I turn now to a related matter, that of the promise of a joined-up system. I would like some clarification as to why the Special Educational Needs and Disability Tribunal cannot provide a single point of appeal for any issues concerning education, health and care plans. When a child with autism is receiving services such as speech and language therapy to help with communication or cognitive behavioural treatment to help with anxiety, how do we define whether those are educational or health needs? It is extremely difficult. It may be essential for a child to attend a school, but doing so is also likely to improve the child’s general health and well-being. Similarly, social care support such as intensive help at home for those with very complex needs or short breaks for their families are much needed and help in all kinds of ways. Parents and children certainly spend too long waiting and battling the system before they get the help they need. The local ombudsman and the myriad complaints procedures in the health service do not deliver real redress, so extending the role of the tribunal to cover health and social care in education, health and care plans would simplify the system. It would deliver real accountability for parents and help make sure that children with special educational needs receive all the services they need to realise their potential and to thrive in later life. It would also help the Government to realise their ambition of a joined-up system.

Fourthly, we must make sure that the system works for all children and young people with special educational needs, not just those with education, health and care plans. For many children with autism, specialist support is provided within a mainstream setting and without any statutory rights. At a time of squeezed local council budgets, we must make sure that there is real accountability for families as well. Councils must be under an obligation to ensure that there is sufficient provision to meet the needs of all residents with special educational needs. The local offer must not simply be an information tool, it must have real teeth. Failure to do this will result in parents increasingly seeking education, health and care plans as the only means of enforcing their right to the support that their child needs.

Finally, the Care Bill, which is being considered in Committee, contains a number of helpful provisions around care plans and how they can be transported when a person moves into a new council area. I am pleased that the Government have recognised this and have tabled an amendment on portability in the other place.

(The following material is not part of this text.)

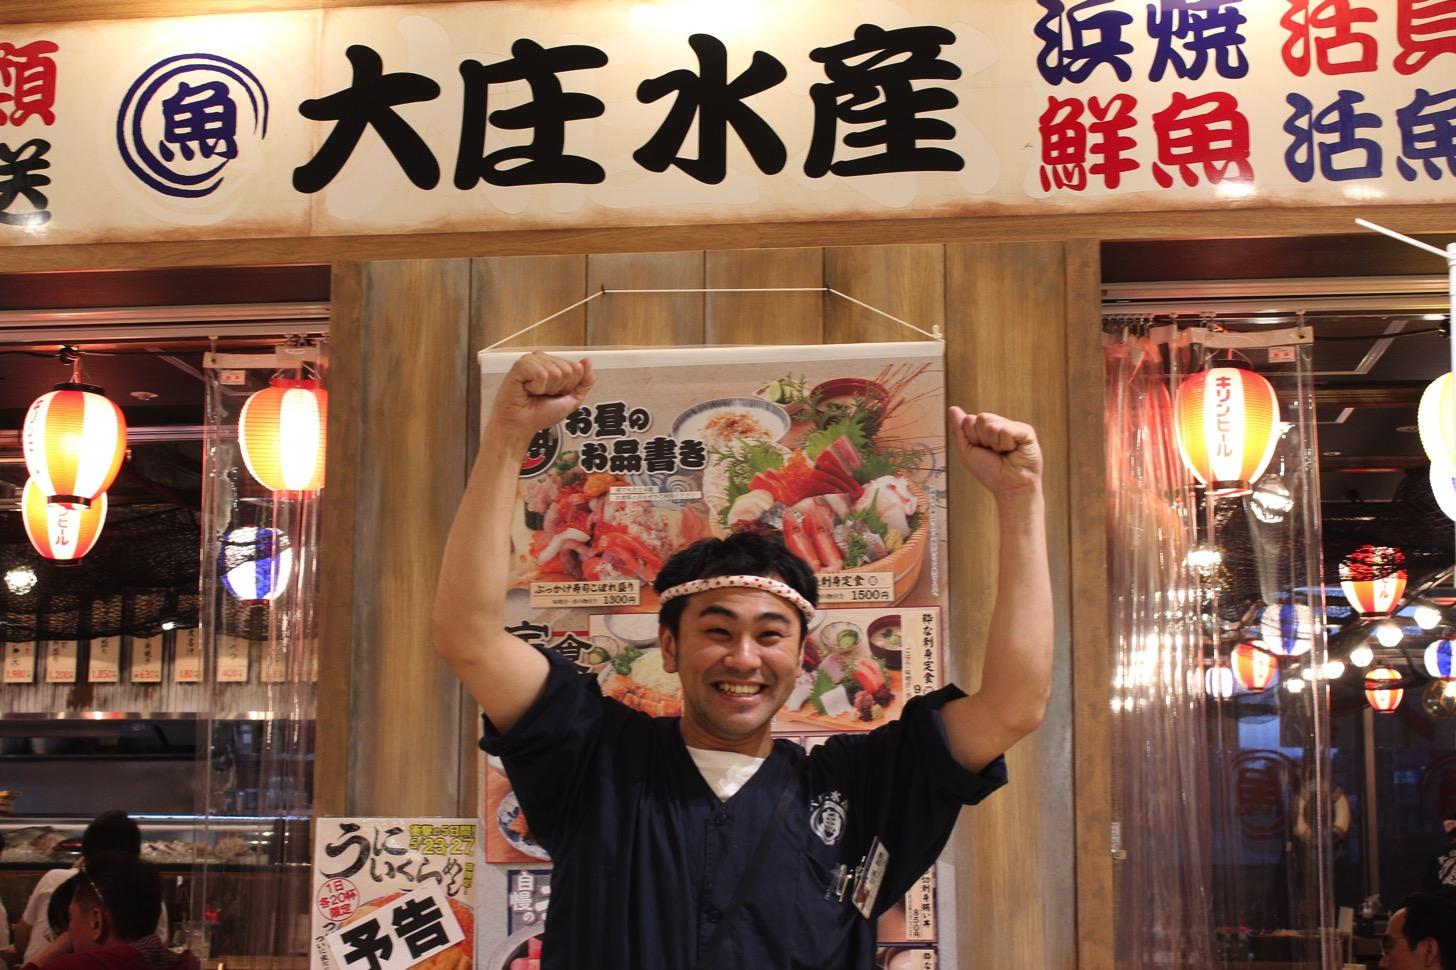 大庄水産の京急蒲田あすとウィズ店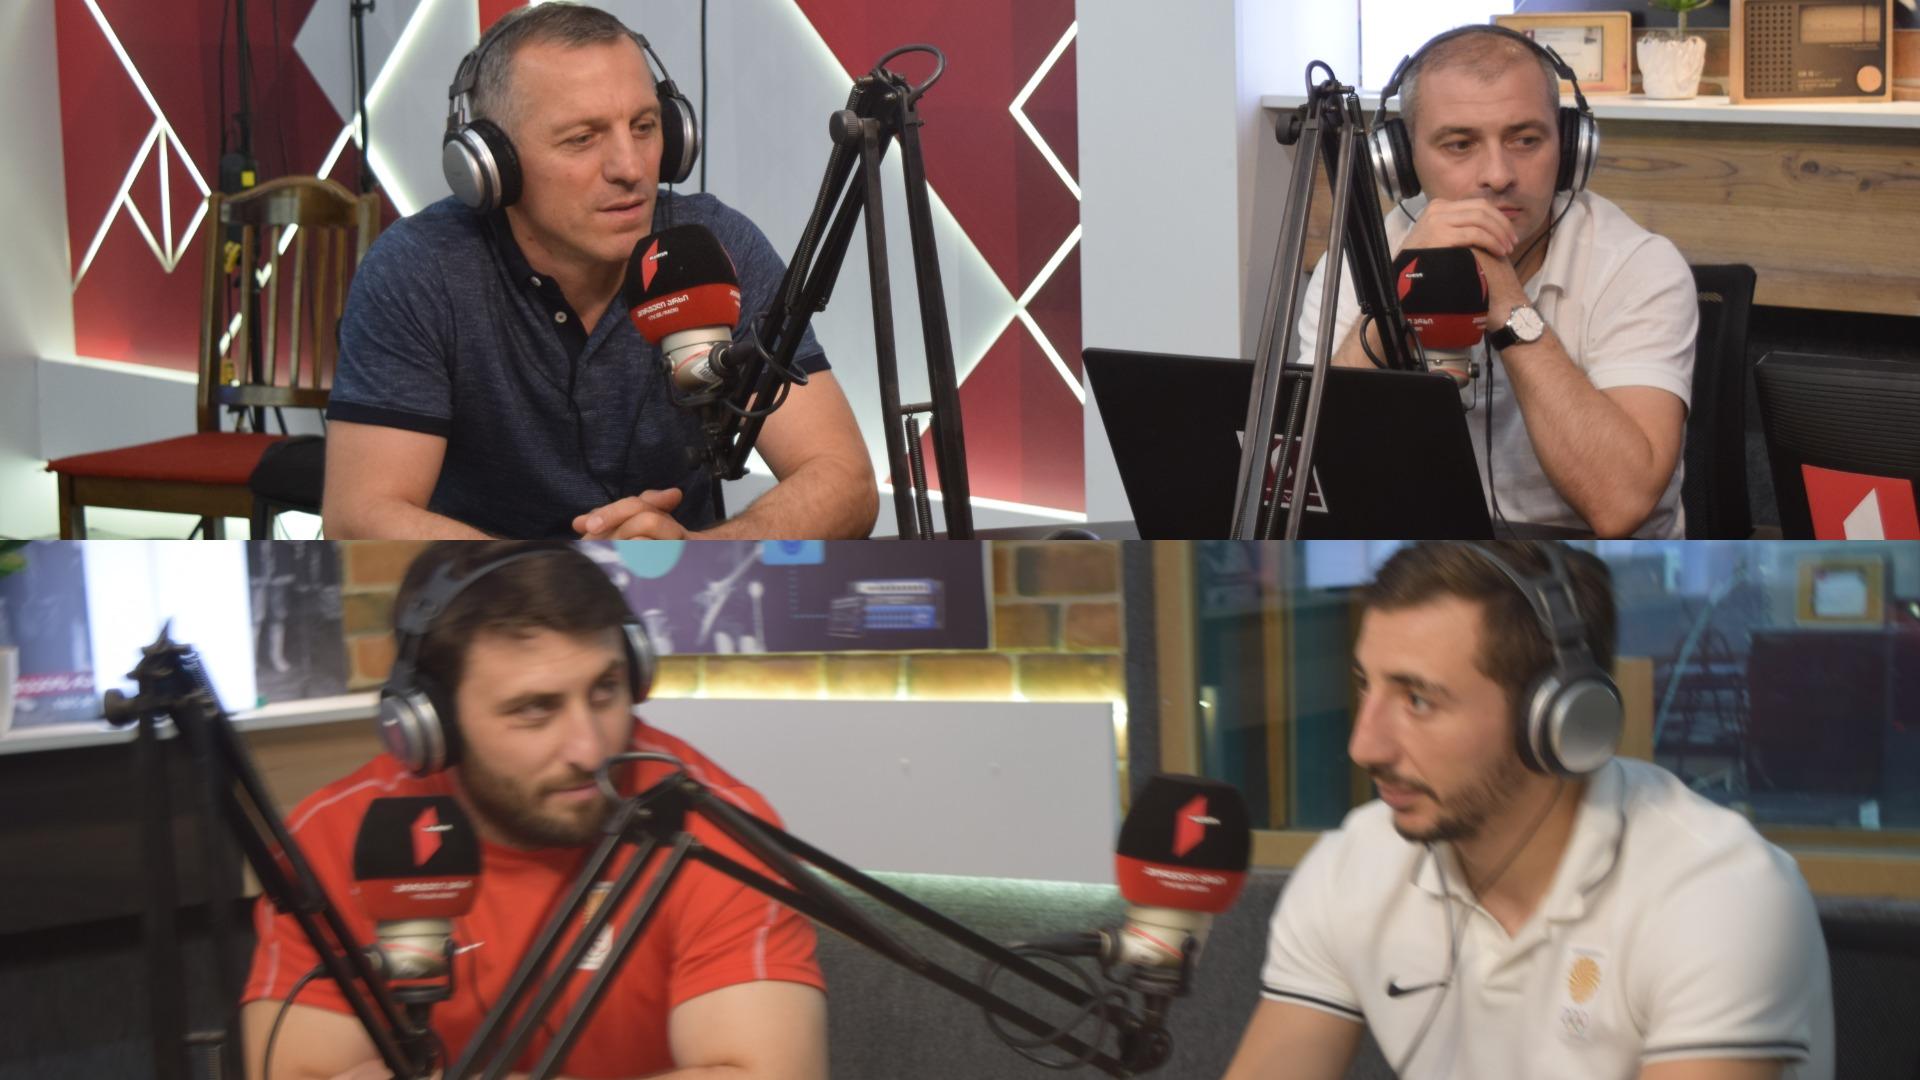 #ესტაფეტა - მეორე ევროპული თამაშები და ქართული სამბოს ტრიუმფი

However, this amendment simply creates regulation-making powers. Can the Minister inform us of when we might see these regulations and reassure us as to whether, as is the case with the Care Bill, they will make explicit reference to the continuity of provision that children and young people can expect when they move?

I return to the point about delivering the Government’s promise. This new regime must make the system easier and more accessible for all families, not just those I would call the “sharp elbow brigade”, who are educated, articulate and have the means to work the system. If it is to be effective, we have to ensure that all disabled children and young people and those with special educational needs benefit from the Bill, not just some.